- [COLLECTED MATERIAL]
<<<<
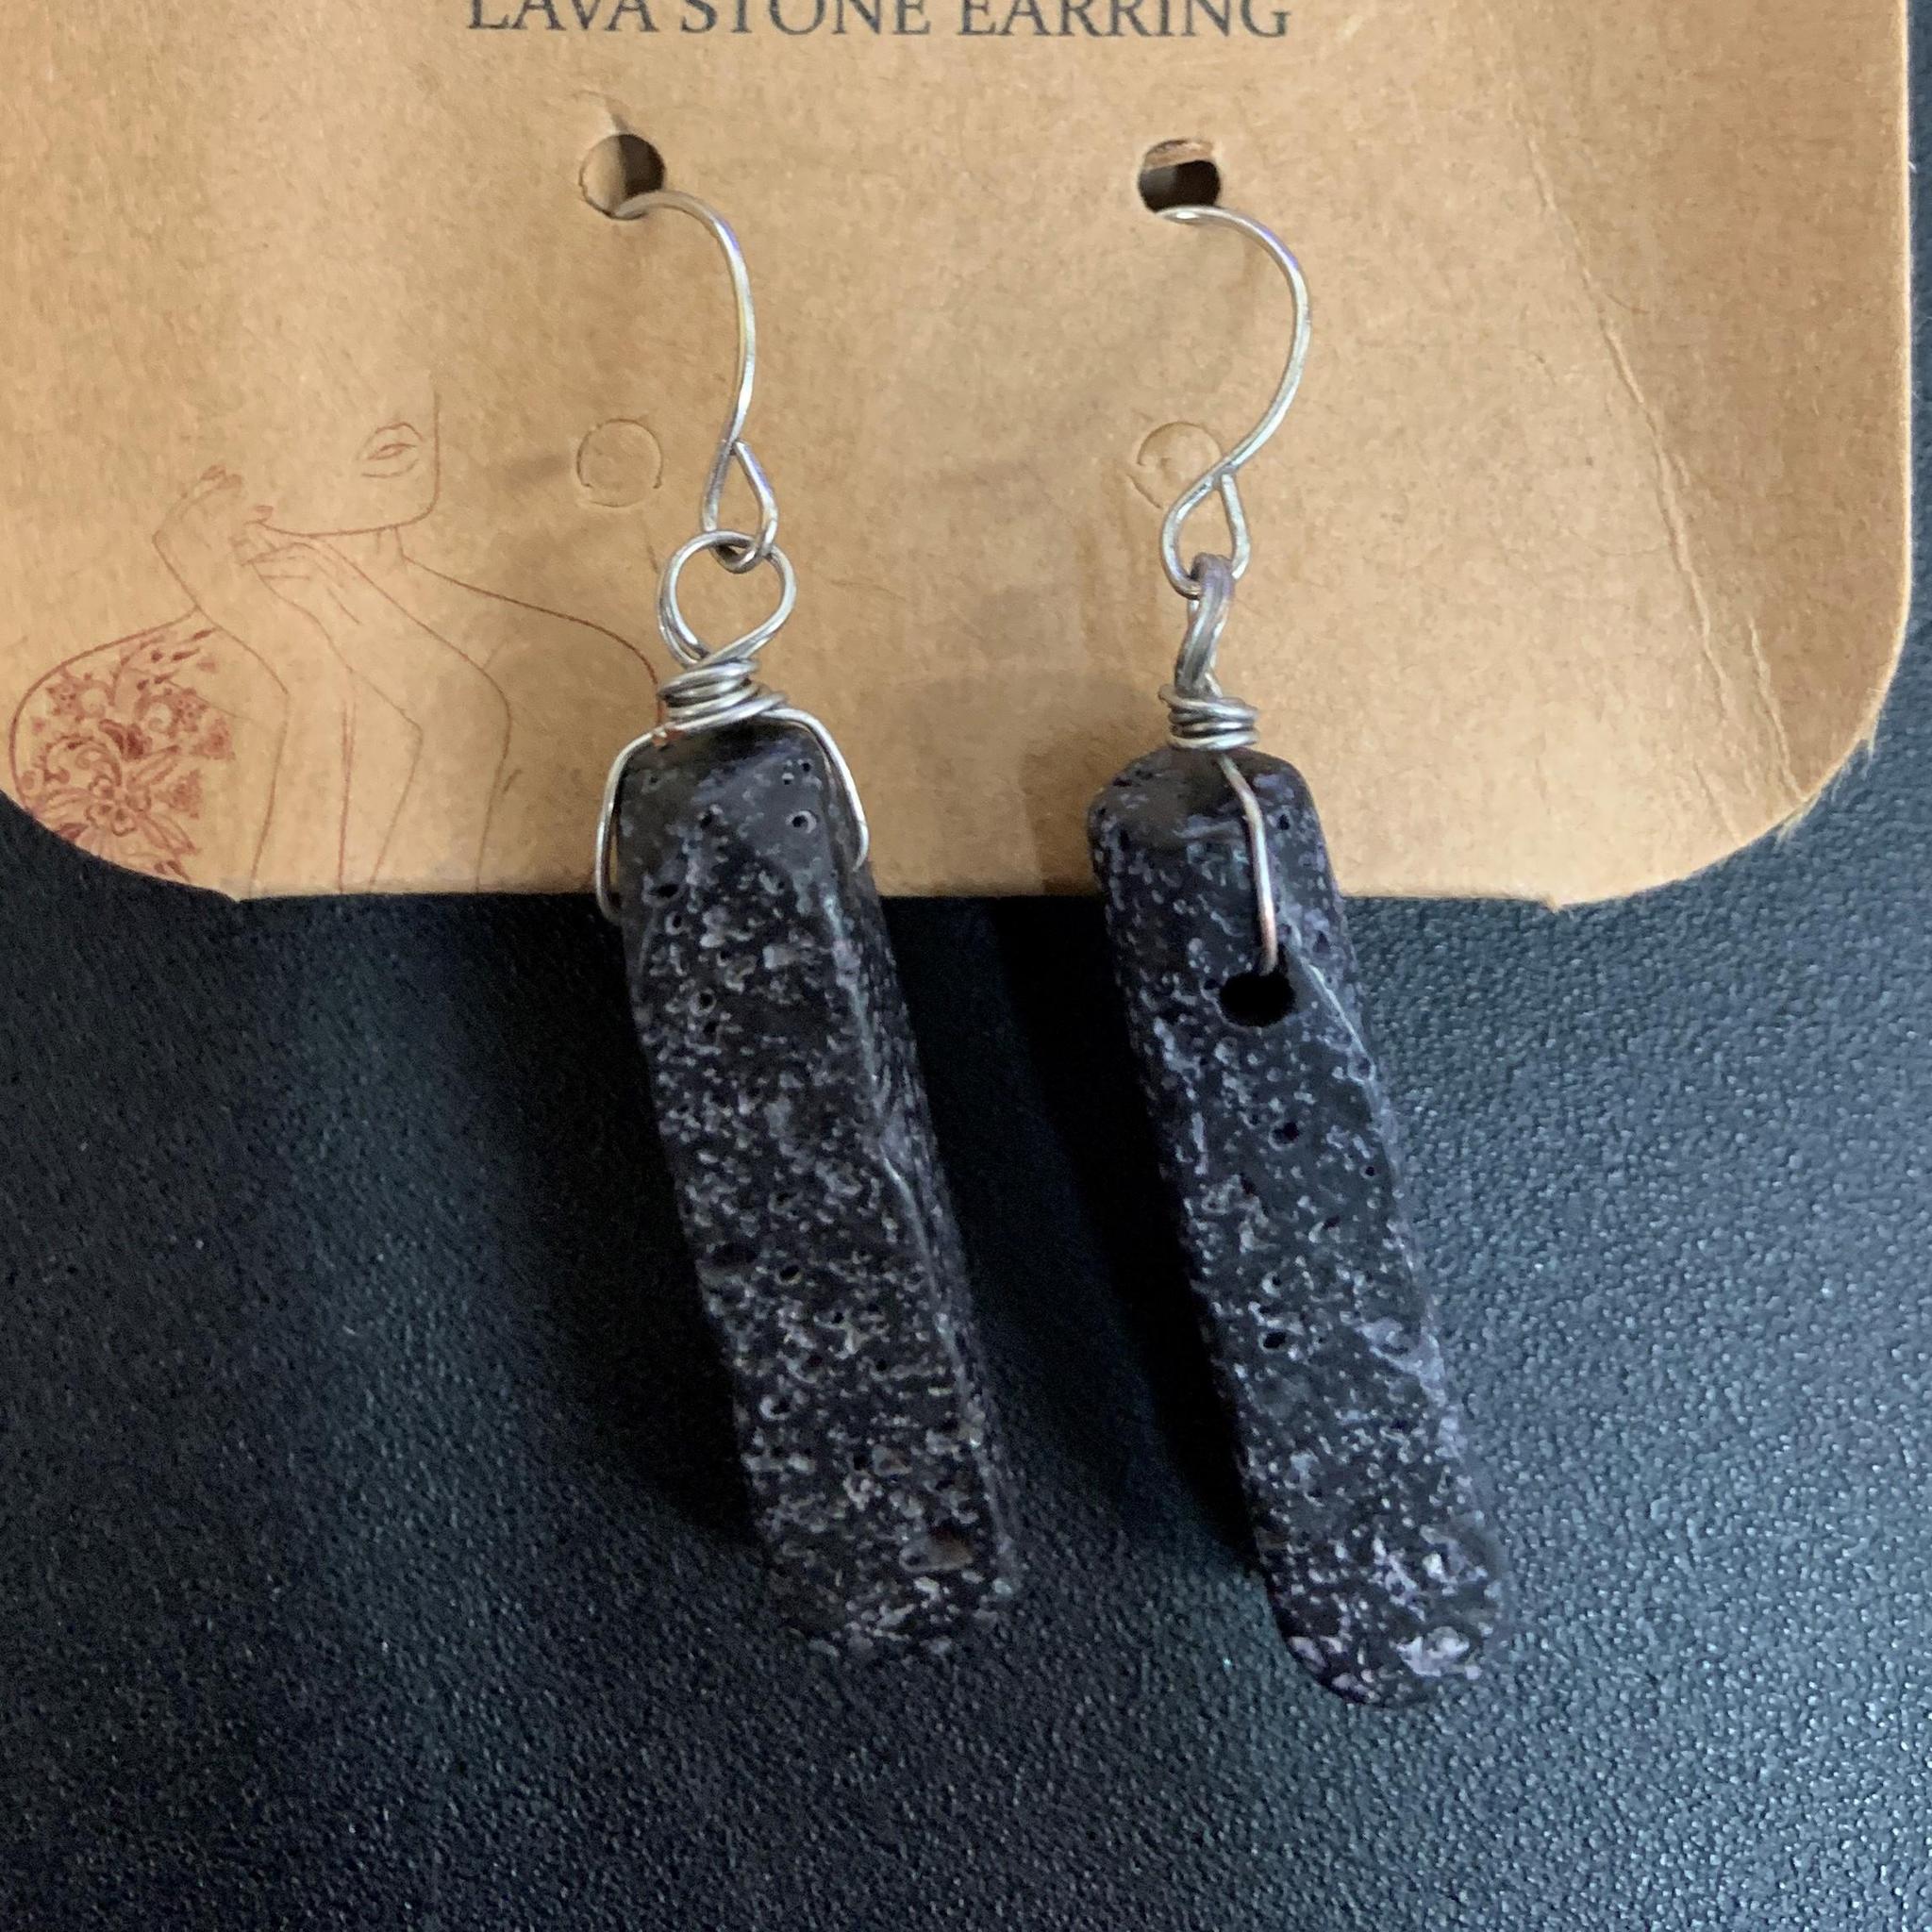 Lava Stone Earrings - Regular
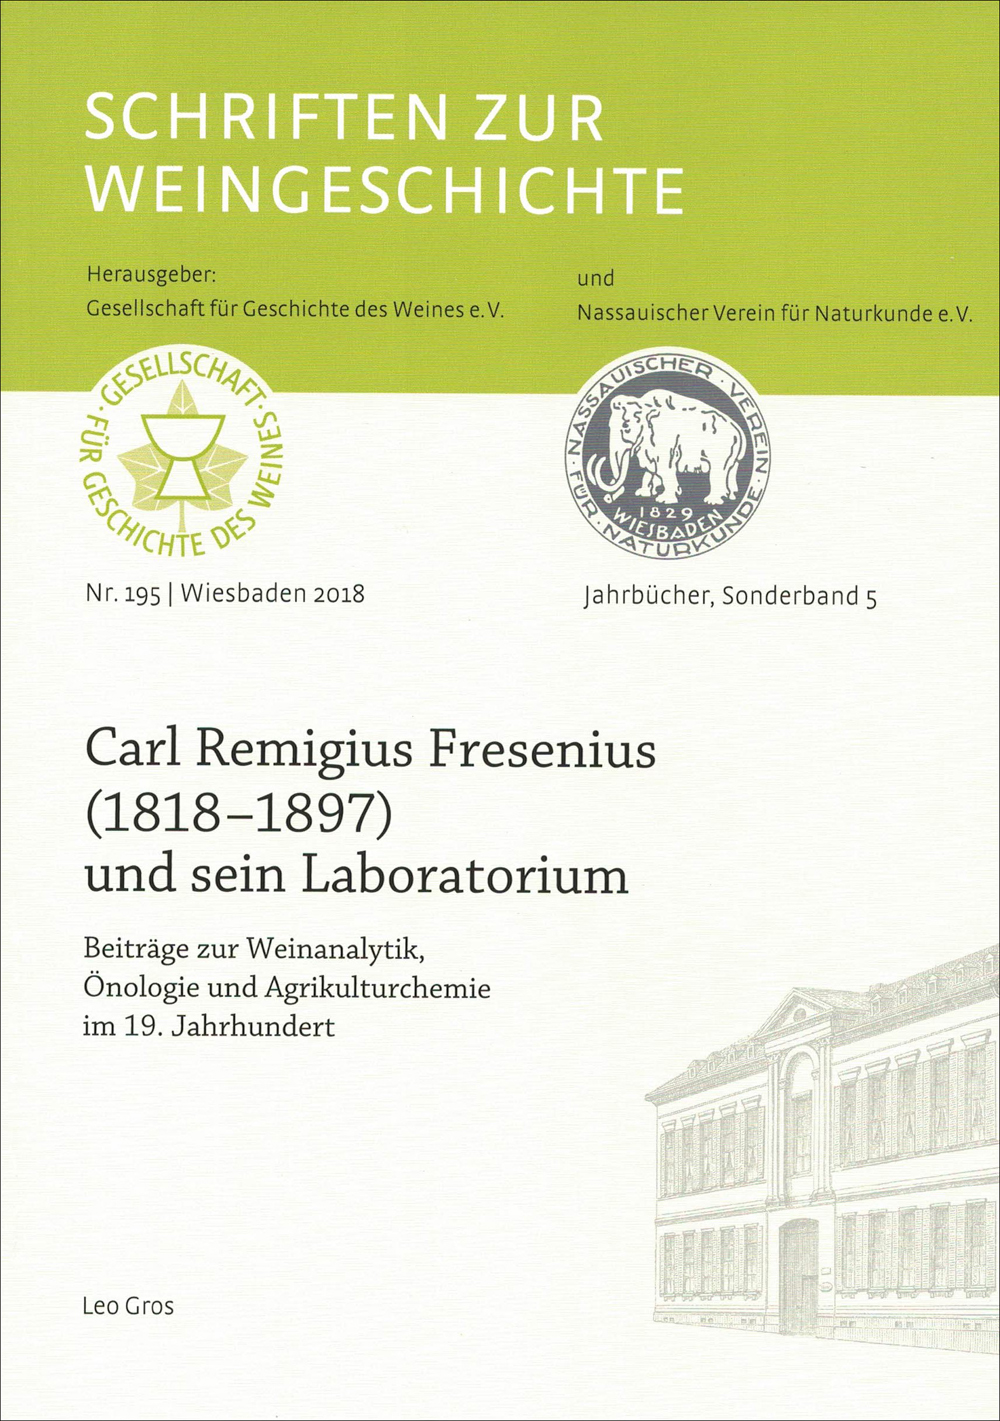 Carl Remigius Fresenius
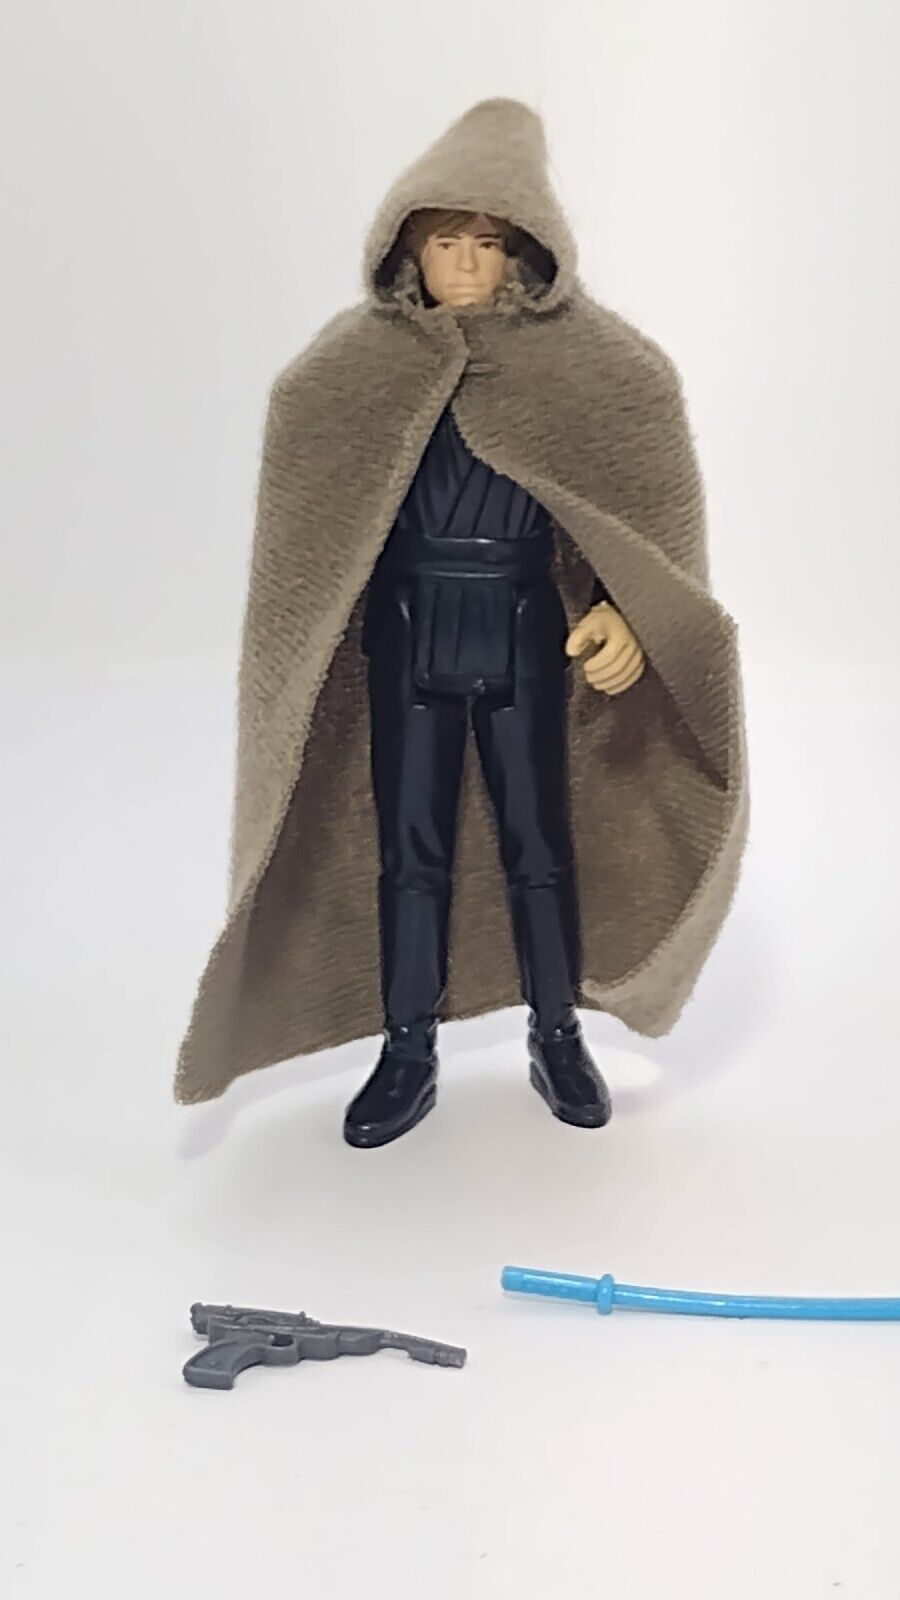 Luke Skywalker (Jedi Knight Outfit) sold
>>>>
- [ABOUT THIS TASK] Leave the images out. Set down all of the material above exactly.

- [PROBLEM SOLUTION]
 Lava Stone Earrings - Regular
 Carl Remigius Fresenius
 Luke Skywalker (Jedi Knight Outfit) sold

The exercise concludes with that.